Does Gaming at Work Improve Productivity? cites Lee Burbage, "internal community chieftan" (sort of like HR director) for the Web site Motley Fool, who offers a similar story. The 200-employee company has a fully outfitted game room, with consoles and even arcade games:
"People need a break. Studies show that if you just sit at your desk all day, productivity goes down and down." He says that gaming also teaches how to think strategically, several moves ahead, and of course it helps with team building, "And hey, it's fun," adds Burbage. "After I go play Halo, I come back and I'm happy and in a good mood."
Lastly, in How games in the office might improve employee morale and office culture:
"Palmer insists the gaming upgrades have improved employee morale, encouraged team building and increased participation in company culture."
"Overall, Palmer said the increased participation rate and engagement from employees has exceeded the company's investment in games.
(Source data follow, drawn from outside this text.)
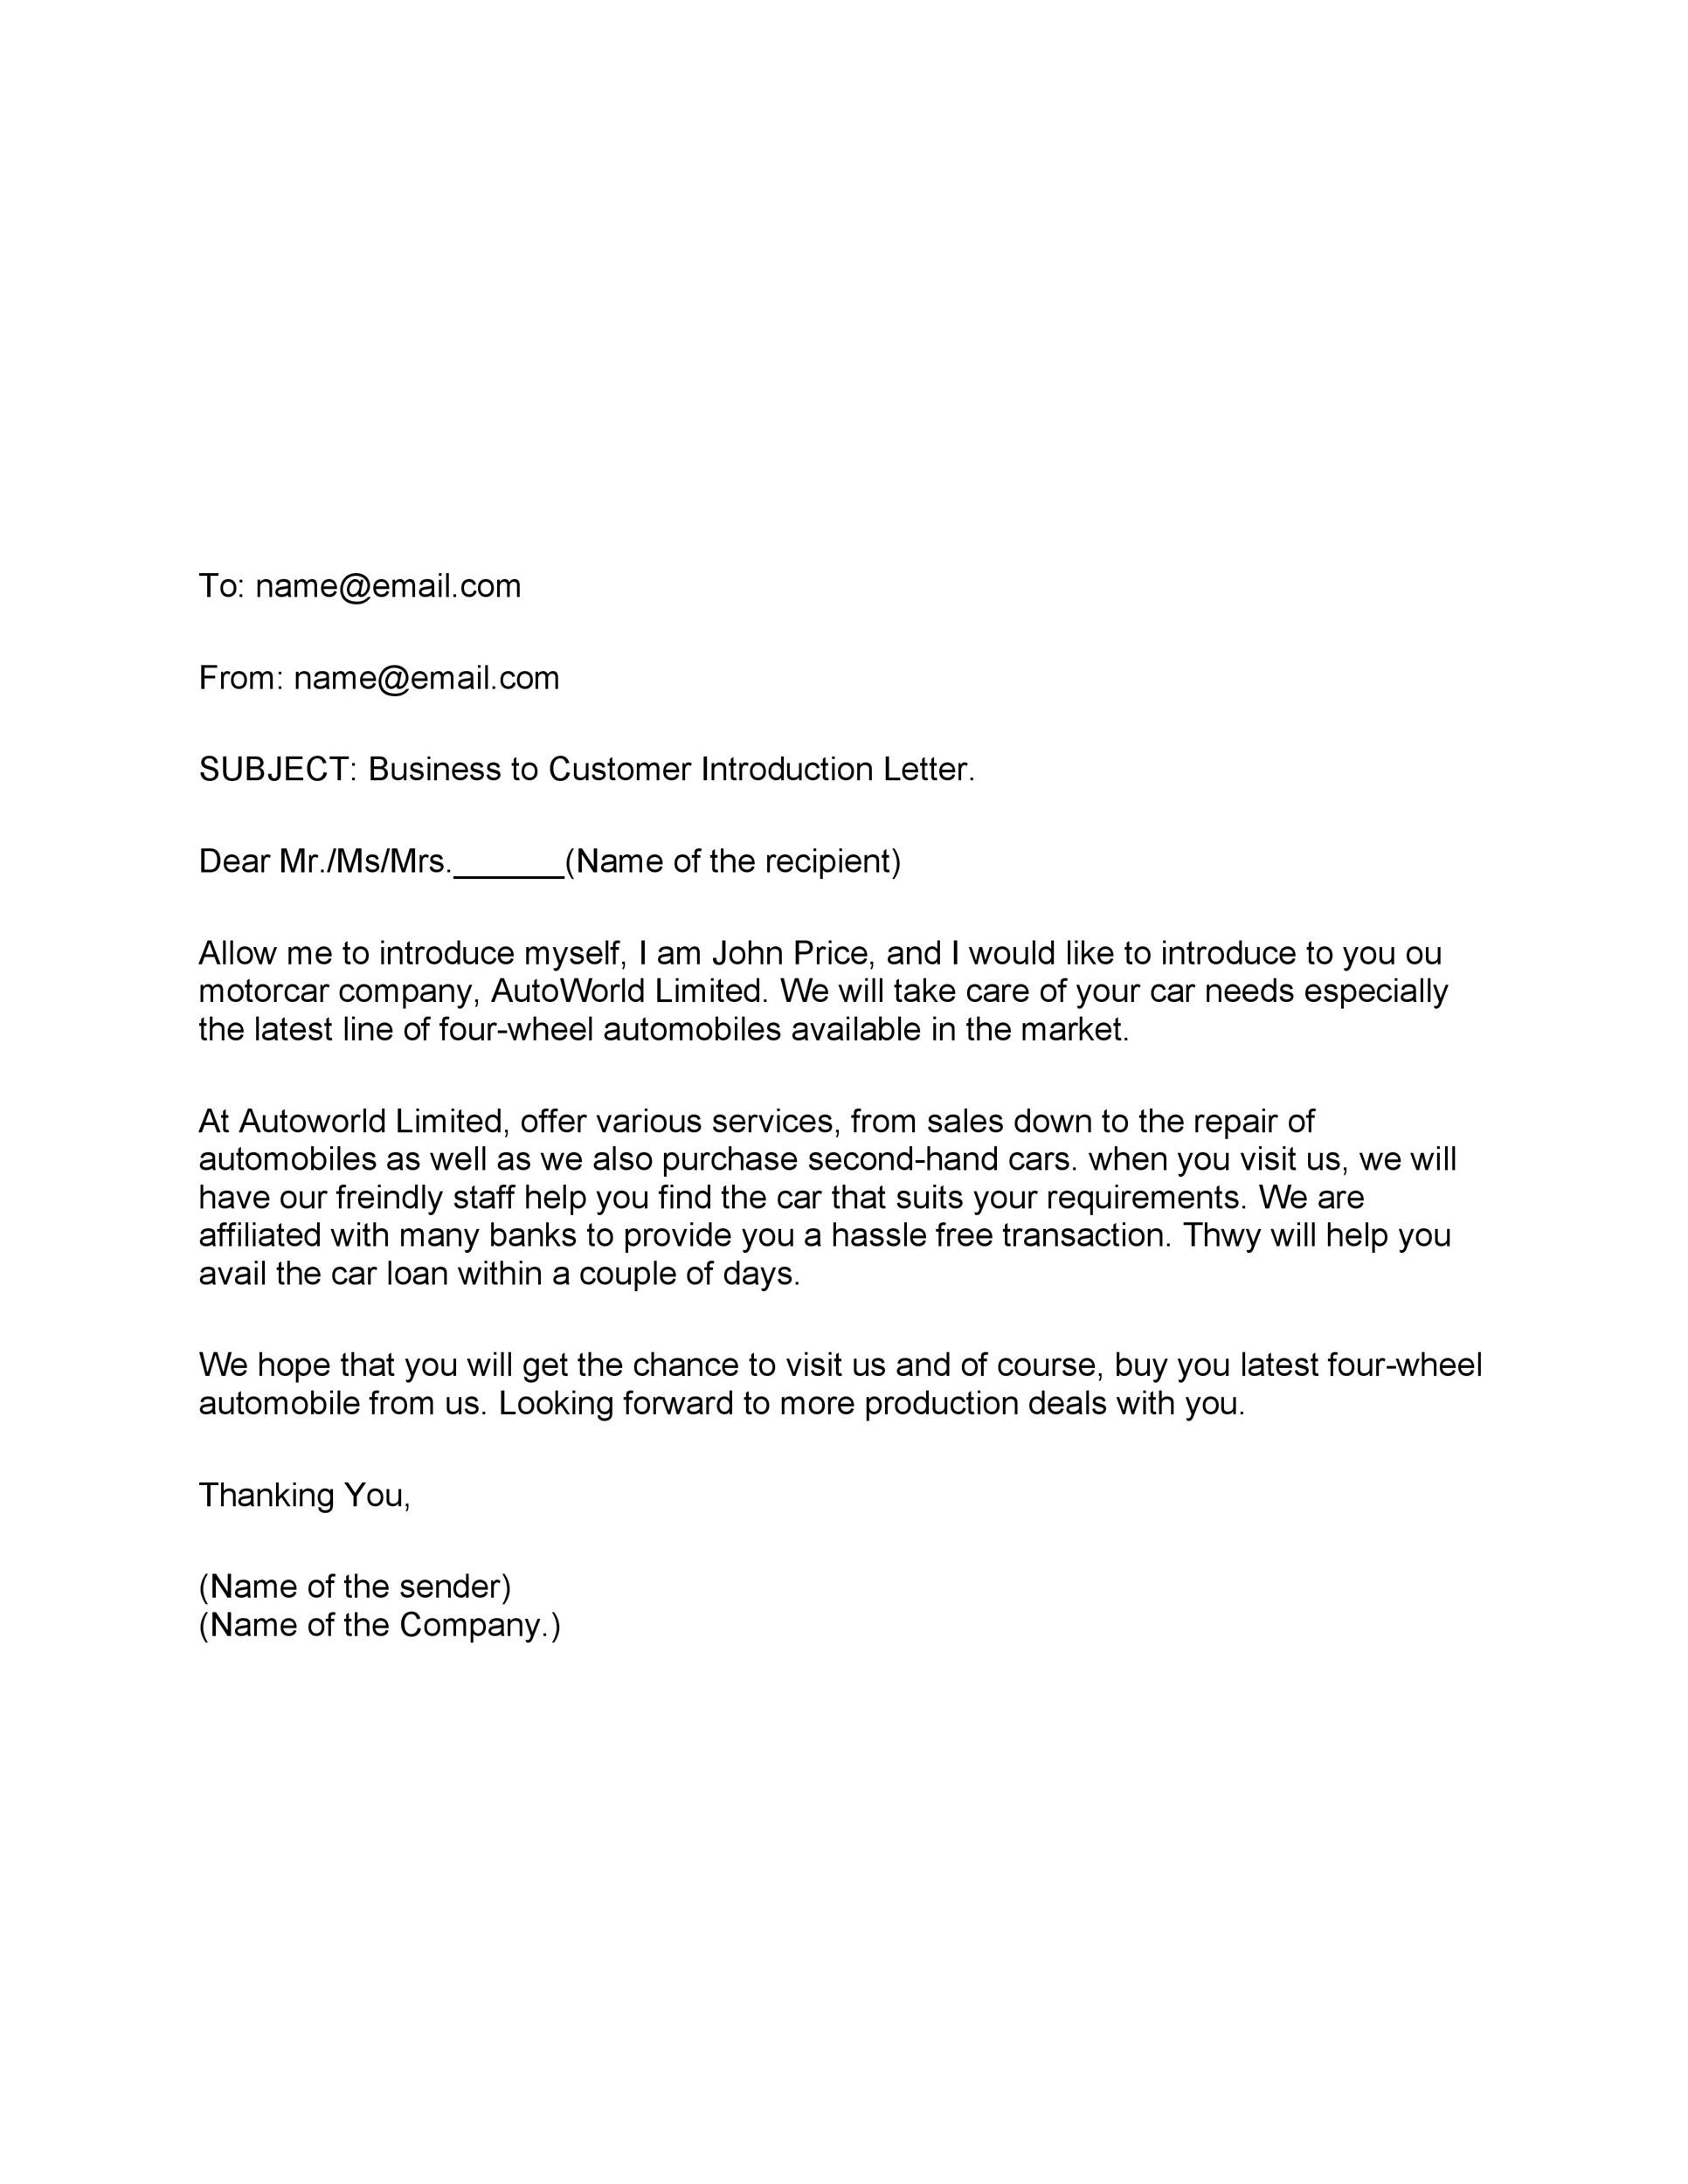 Free business introduction letter 08
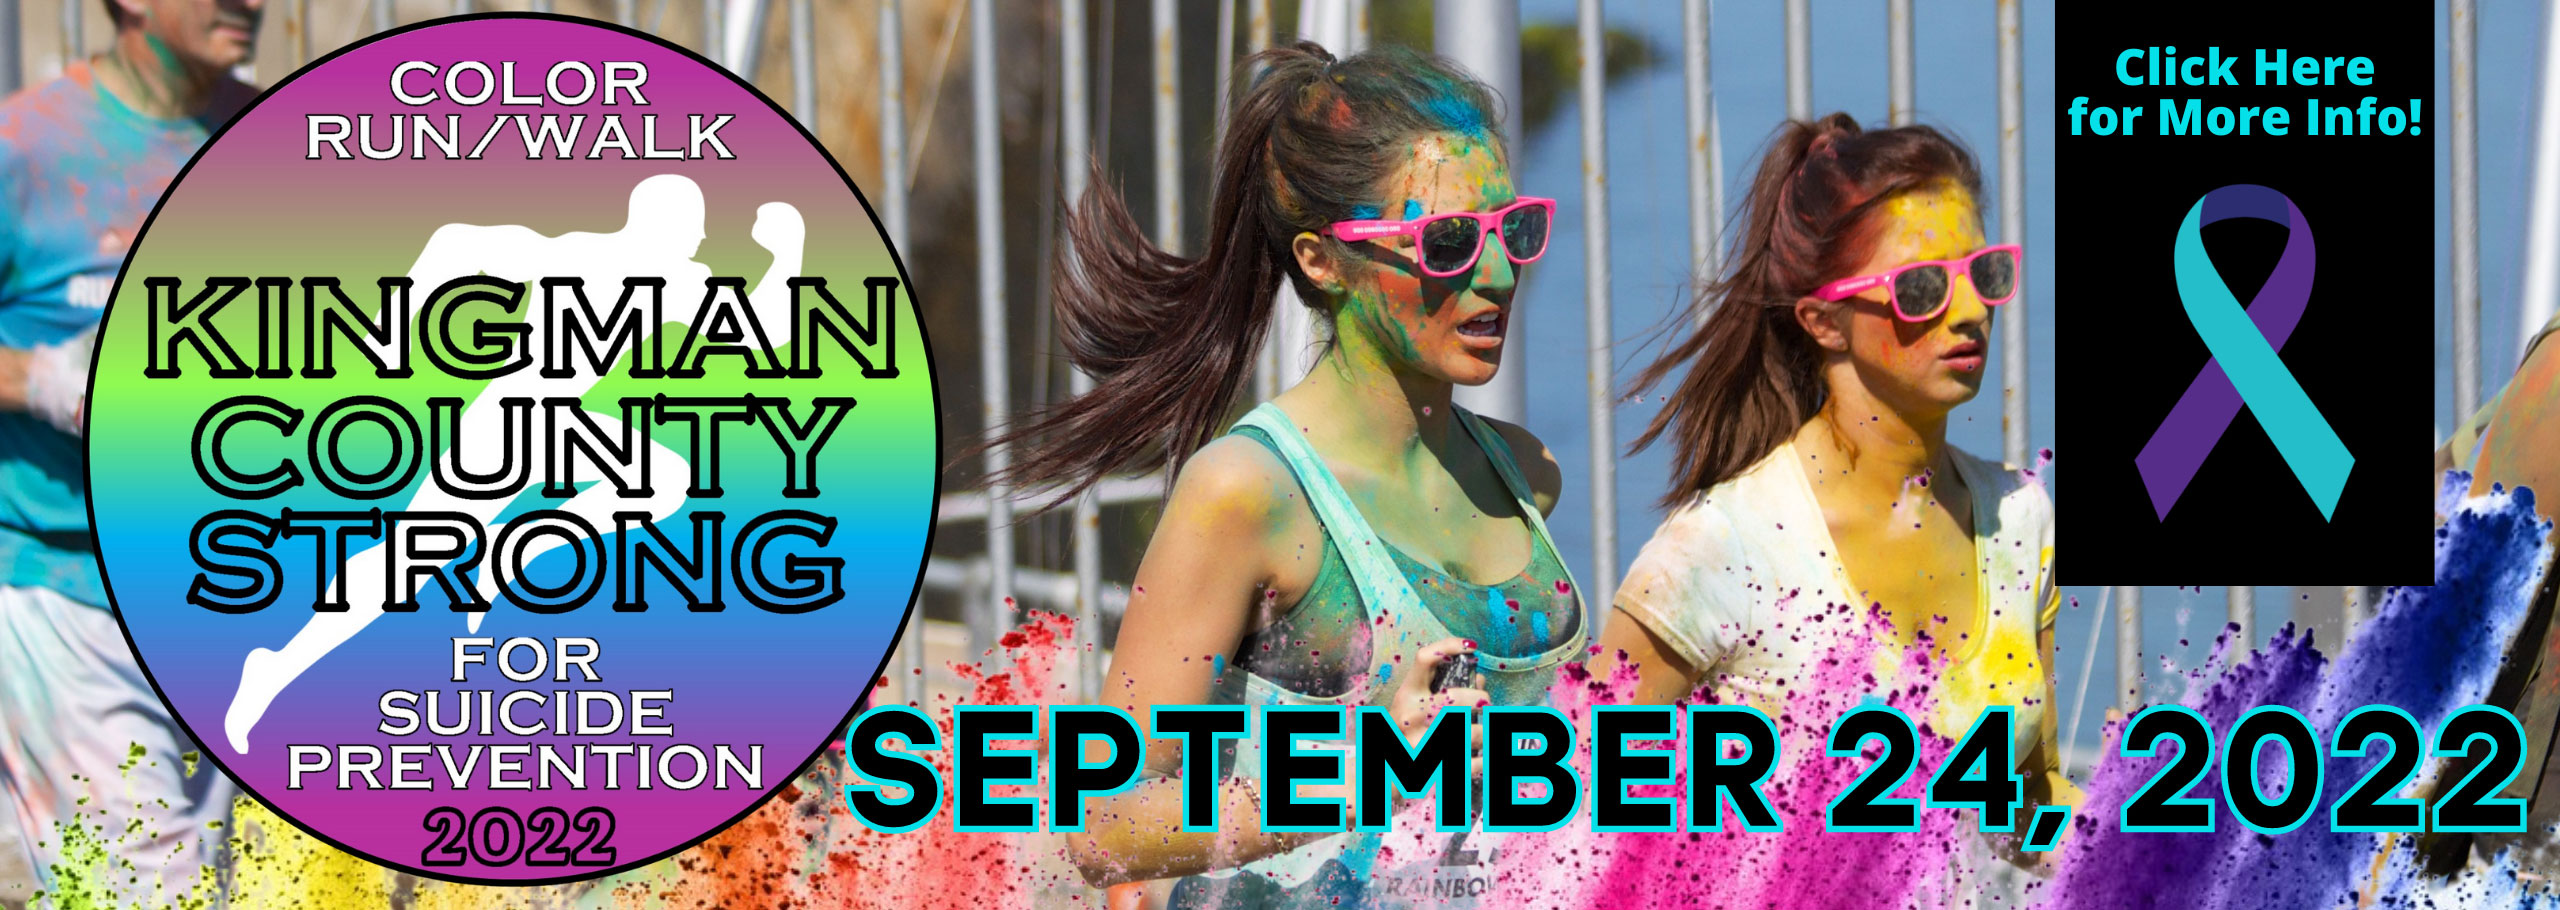 Banner picture of two young females running in the Color Run/Walk. They have paint of different colors splatted on them and they are both wearing sunglasses. Banner says:

COLOR RUN/WALK
KINGMAN COUNTY STRONG
FOR SUICIDE PREVENTION 2022

SEPTEMBER 24, 2022

Click Here for More Info! 
(suicide prevention ribbon)

I don't see a ceiling for how much we will spend any time soon," he said."
The list goes on:
- Why Your Employees Need To Play More Games At The Office
- 12 Reasons Why You Should Let Your Employees Play Games
What 'games' are we talking about?
The archetypal tech company games are foosball or table tennis (ping pong to me).
But there are many others. My favorite thing to start at a new company is a regular poker night. (You can drink beer occasionally at your job, right? That's another blog post..)
$20 buy-in, tournament style Texas Hold'em. Love it.
Cornhole tournaments are so much fun, or Quake/Halo marathons after-hours where the office turns into a war zone. Talking of wars - don't forget Nerf guns. Dart boards. Board game evenings. Christmas casino nights.
Ok, when/how do you play games exactly?
Your people are going to be taking a break every few hours anyway, so allow them to make it a fun team-building break. I never mandate good or bad times to take breaks or play games.
At one recent company the table tennis and cornhole were always being used by someone - often while they brainstormed a feature. And that was in a company of only 50-70 people.
Everyone comes back refreshed and ready for another couple hours of focused productivity.
But take some sensible precautions.
- Don't let heads-down workers be distracted by anything, including games
- Move the games away to special areas where noise is contained - or outside
- Encourage mass games at common break times - after lunch, end of day
- Never force games on anyone. Let your team choose what and when to play. Some people will never want to take part, and that's fine. Your aim isn't to alienate anyone.
As an example, I recently bought some new cornhole boards and 12 team double-elimination charts and are collecting team (and team names) to start our first tournament.
Once we have the teams organized we'll simply tell the two teams who are next up, and then leave them to find a suitable time for them to play and report back the score. It may take a week or two to get through all the matches, but I know it will be fun for all who take part.